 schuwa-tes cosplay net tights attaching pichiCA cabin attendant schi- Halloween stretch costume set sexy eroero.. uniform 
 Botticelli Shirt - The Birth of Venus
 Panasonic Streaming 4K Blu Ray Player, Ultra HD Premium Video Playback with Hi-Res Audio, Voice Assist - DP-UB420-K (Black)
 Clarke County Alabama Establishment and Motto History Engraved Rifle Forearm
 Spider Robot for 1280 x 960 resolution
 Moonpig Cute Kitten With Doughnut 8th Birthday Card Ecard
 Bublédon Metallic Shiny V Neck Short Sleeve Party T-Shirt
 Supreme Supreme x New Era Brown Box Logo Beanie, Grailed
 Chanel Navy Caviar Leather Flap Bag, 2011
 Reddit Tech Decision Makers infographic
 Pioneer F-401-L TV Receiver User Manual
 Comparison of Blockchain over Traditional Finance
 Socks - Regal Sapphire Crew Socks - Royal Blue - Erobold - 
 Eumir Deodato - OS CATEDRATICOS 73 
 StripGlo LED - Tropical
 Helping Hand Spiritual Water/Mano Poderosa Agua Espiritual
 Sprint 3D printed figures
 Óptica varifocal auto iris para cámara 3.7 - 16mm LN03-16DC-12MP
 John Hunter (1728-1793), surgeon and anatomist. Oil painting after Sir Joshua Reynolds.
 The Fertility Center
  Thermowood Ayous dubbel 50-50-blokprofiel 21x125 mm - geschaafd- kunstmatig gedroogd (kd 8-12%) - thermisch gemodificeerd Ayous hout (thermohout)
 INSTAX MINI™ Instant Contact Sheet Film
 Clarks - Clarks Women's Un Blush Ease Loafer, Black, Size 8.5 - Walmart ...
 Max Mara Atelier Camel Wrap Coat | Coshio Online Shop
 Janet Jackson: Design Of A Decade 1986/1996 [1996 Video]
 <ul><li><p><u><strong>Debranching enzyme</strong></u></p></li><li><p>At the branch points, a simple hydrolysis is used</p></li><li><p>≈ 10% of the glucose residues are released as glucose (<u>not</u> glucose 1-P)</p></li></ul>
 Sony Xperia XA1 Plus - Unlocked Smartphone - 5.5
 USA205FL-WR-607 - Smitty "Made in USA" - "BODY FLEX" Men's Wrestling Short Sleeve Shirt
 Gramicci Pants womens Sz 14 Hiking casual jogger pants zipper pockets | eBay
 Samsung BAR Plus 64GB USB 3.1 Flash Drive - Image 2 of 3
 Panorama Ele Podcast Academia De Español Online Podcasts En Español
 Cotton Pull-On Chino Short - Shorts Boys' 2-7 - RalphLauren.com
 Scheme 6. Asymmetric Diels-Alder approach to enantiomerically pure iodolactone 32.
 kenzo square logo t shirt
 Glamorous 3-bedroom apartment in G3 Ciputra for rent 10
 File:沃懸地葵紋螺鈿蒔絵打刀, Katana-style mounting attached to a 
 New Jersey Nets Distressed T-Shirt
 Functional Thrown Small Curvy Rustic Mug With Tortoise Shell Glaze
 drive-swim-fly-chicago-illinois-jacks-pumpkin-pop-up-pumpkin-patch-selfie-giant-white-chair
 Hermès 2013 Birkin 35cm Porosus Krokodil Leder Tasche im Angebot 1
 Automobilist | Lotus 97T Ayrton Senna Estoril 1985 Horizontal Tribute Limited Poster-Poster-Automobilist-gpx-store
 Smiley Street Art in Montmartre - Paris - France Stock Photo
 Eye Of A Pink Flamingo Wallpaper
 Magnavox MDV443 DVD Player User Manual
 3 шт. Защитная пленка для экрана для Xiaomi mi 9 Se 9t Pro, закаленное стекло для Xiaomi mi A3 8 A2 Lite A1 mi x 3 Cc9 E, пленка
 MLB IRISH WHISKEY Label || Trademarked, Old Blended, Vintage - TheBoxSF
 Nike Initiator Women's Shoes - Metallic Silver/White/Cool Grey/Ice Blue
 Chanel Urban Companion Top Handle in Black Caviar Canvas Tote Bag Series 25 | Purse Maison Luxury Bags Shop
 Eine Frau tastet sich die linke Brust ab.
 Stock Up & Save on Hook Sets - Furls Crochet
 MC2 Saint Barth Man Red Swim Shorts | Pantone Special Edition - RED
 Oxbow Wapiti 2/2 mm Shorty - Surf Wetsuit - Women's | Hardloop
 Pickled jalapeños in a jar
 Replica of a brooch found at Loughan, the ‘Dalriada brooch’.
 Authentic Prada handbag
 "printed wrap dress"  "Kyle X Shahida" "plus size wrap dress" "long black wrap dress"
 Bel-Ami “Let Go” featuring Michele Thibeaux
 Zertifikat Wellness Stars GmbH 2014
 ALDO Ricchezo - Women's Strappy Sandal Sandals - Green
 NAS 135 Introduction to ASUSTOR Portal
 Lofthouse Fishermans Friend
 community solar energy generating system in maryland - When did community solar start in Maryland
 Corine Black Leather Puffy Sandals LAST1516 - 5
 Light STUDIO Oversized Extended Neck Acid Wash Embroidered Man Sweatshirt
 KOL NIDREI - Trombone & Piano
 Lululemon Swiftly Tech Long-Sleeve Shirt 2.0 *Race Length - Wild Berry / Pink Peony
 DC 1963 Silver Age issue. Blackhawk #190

What needs to be done:
Please copy the lines above from the line with "Automobilist | Lotus" up to and including the line with "MLB IRISH WHISKEY", exactly as written and with nothing else.

Expected answer:
 Automobilist | Lotus 97T Ayrton Senna Estoril 1985 Horizontal Tribute Limited Poster-Poster-Automobilist-gpx-store
 Smiley Street Art in Montmartre - Paris - France Stock Photo
 Eye Of A Pink Flamingo Wallpaper
 Magnavox MDV443 DVD Player User Manual
 3 шт. Защитная пленка для экрана для Xiaomi mi 9 Se 9t Pro, закаленное стекло для Xiaomi mi A3 8 A2 Lite A1 mi x 3 Cc9 E, пленка
 MLB IRISH WHISKEY Label || Trademarked, Old Blended, Vintage - TheBoxSF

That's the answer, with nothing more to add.